Gold Member - I just used my 2 free clean and checks to get a body and lens ready for HS football season. The lens was received and shipped out the SAME Day. My 1DIV went the next day - I am closest to the Virginia CPS facility. I haven't yet but would like to check out the loaner program. When I first signed up (last fall) I got a bonus clean and check and the camera strap and a nice day planner. Day planner was kind of old school, but everything else about the program is great for $100.


----------



## canonian (Aug 14, 2012)

The Silver level used to be free and included a 20% discount but no free clean/checks and other items. They changed that (last year I believe) and now you get pretty much nothing.

For $100 the Gold is definitely worth it. A friend sent in a camera for really minor stuff which ended up being basically a clean/check and paid over $200 plus shipping. The Gold would have more than paid for that one trip. I really like the free strap too 

The Platinum is probably worth it only for those with a lot of gear and/or are really hard on it.

I'm a Gold member, btw.


----------



## instaimage (Aug 14, 2012)

Platinum member...

I think of it as insurance... and it's cheap insurance at that when you drop your camera from a low level on turf and it tweaks the lens mount in the body just a slight bit which causes the lens to mount "stiff"... that discount quickly makes up that "membership" amount. Free (which is really "included") shipping both directions... just recently sent the 300 2.8 and 400 2.8 in for the firmware update... as well as my 5D3 because the lens release pin in the mounting ring was stuck in the body... covered under warranty but shipping "included" overnight... So with these three shipments alone I would have been in the $150 range for shipping...

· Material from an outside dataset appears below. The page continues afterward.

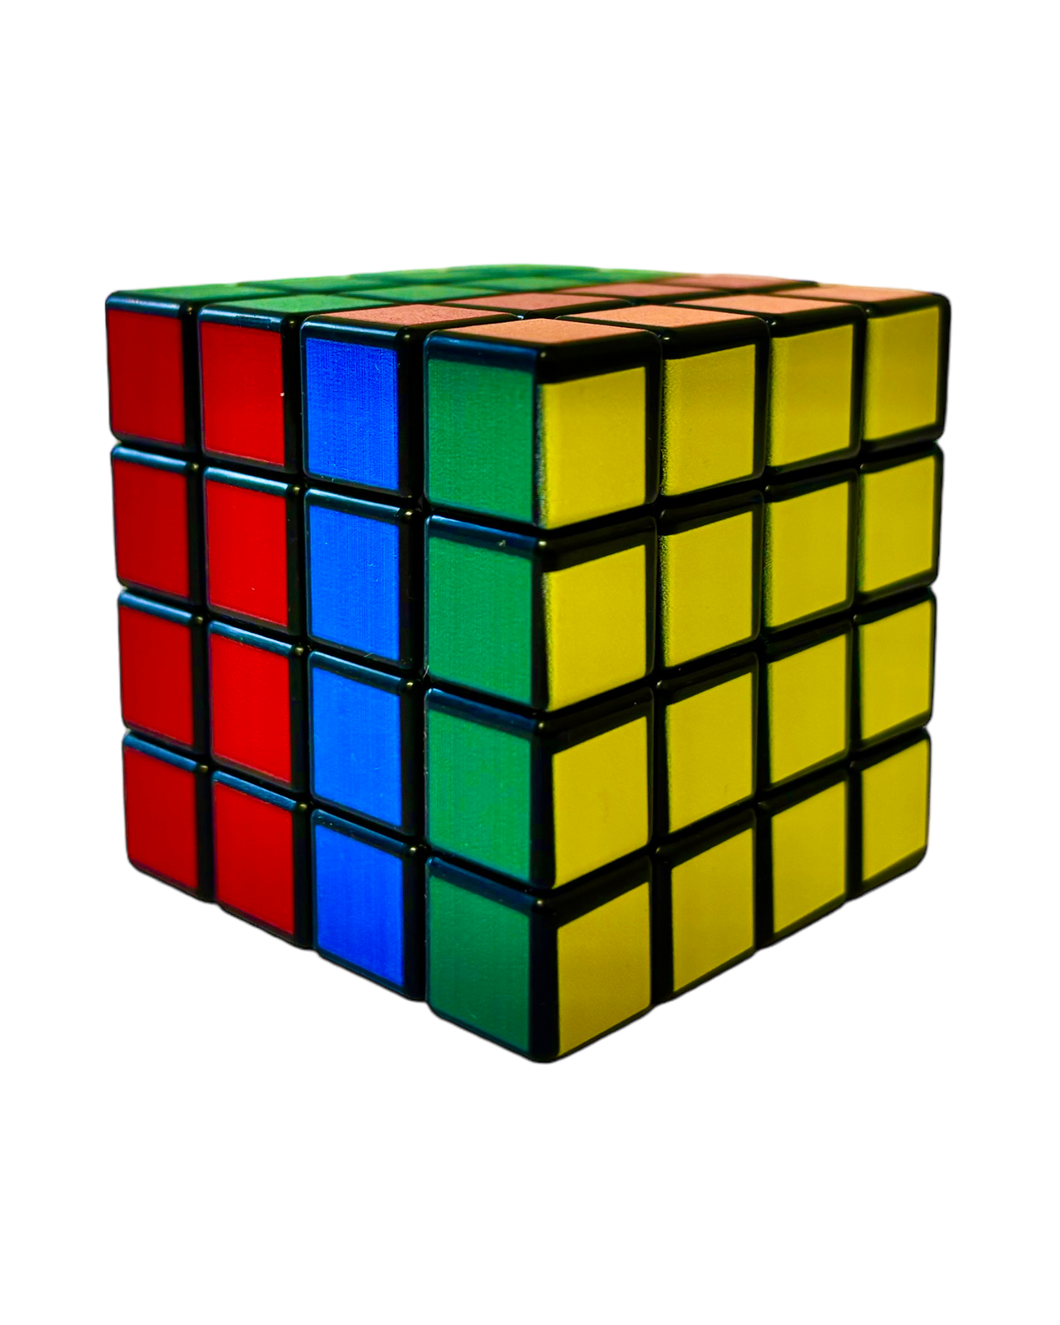 A Rubik's Cube 4-Piece Grinder.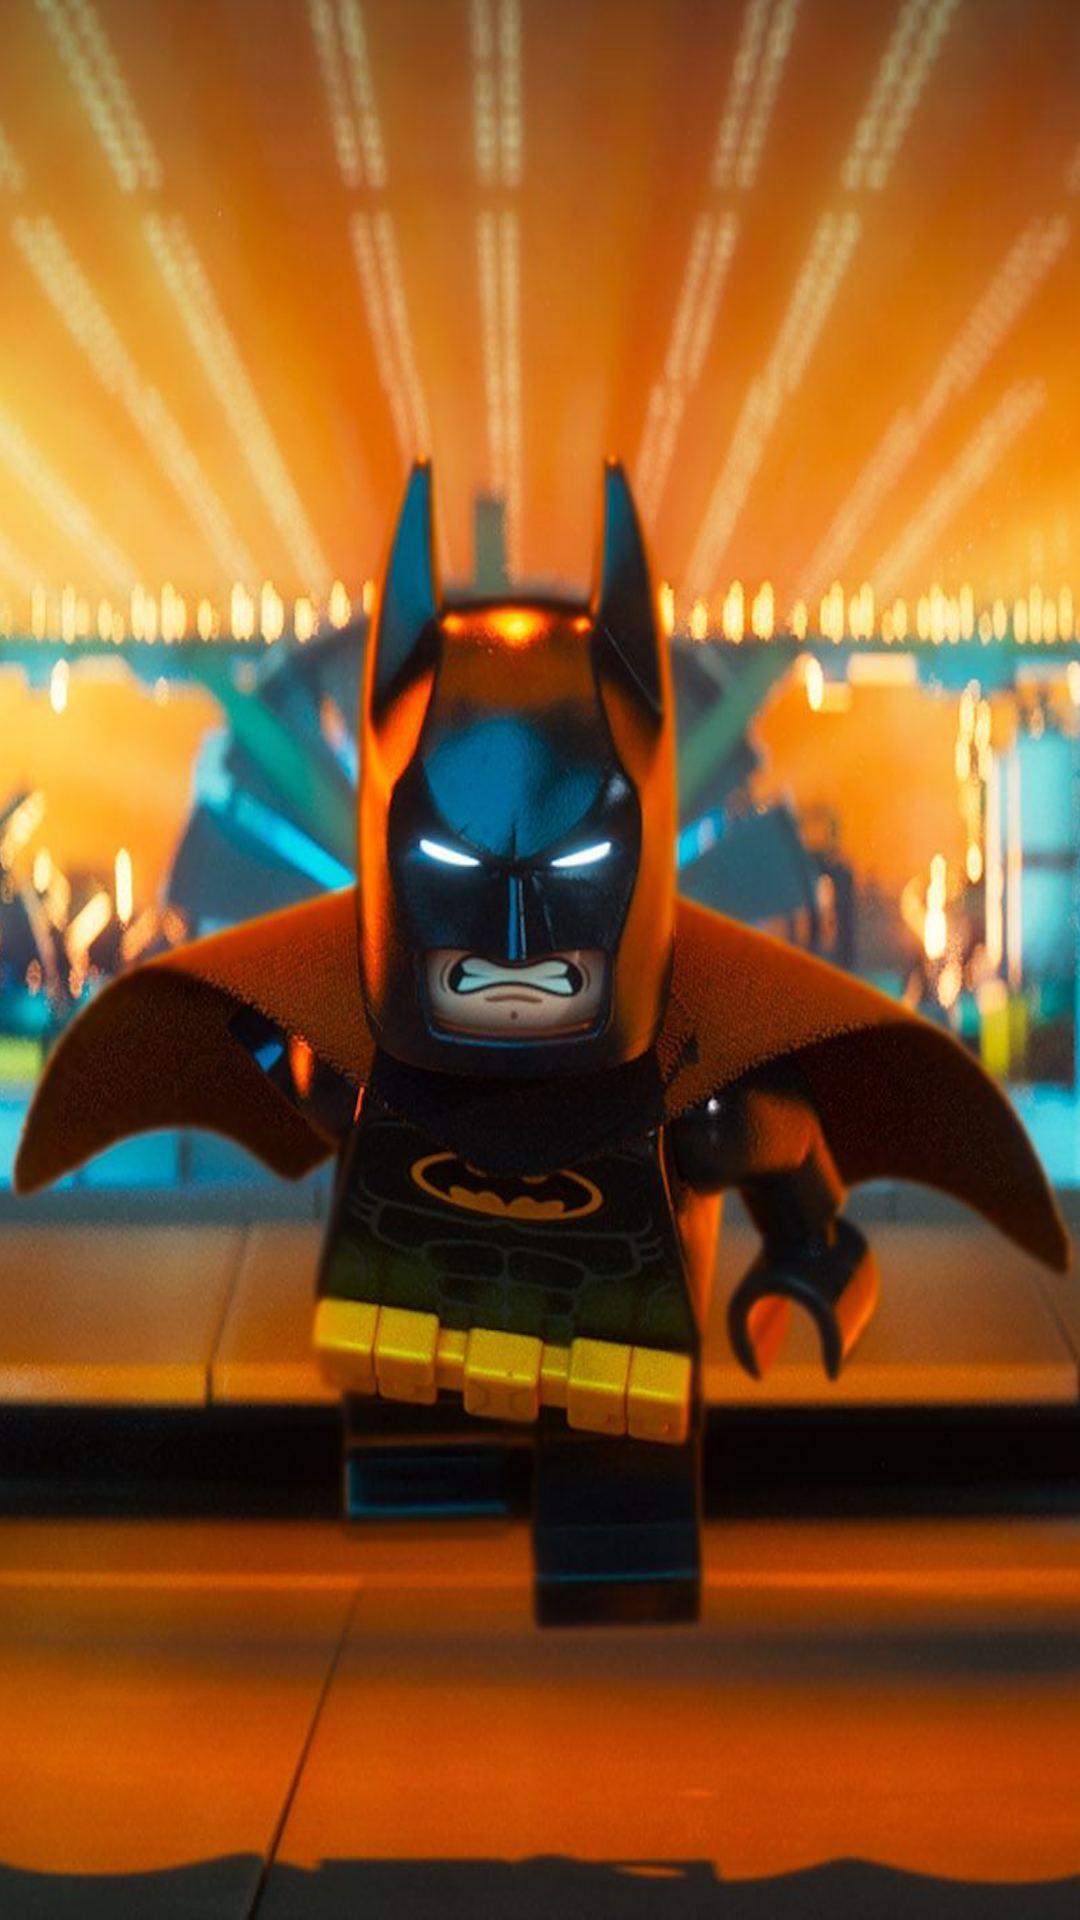 Scary Lego Batman Movie iPhone Wallpaper

For me... "membership has it's privileges"... to use a catchy phrase...


----------



## jmanley (Aug 14, 2012)

I bit the bullet and dove in head first. New Platinum member here! ;D

I will have to send my i'm actually looking forward to sending in my EF-S 10-22 and my 70-200 2.8 IS. 

I'll report back once I get my member pack!

Keep the feedback coming, from the sounds of it lots of people are interested in the track record of CPS and the benefits.


----------



## M.ST (Aug 14, 2012)

I am a platin member from Canon Europe.

If you need the help badly, no one can help. If you report many errors (5D Mark III and 1D X) no update came up a few month ago.

If you need very quick answers in a day, write to Canon Thailand. If you want to buy something, forget many of the CPS-Dealers. I have better informations about products.

If you want to try something out that is not on the market, you need to have good contacts to the Canon headquarter in Japan.


----------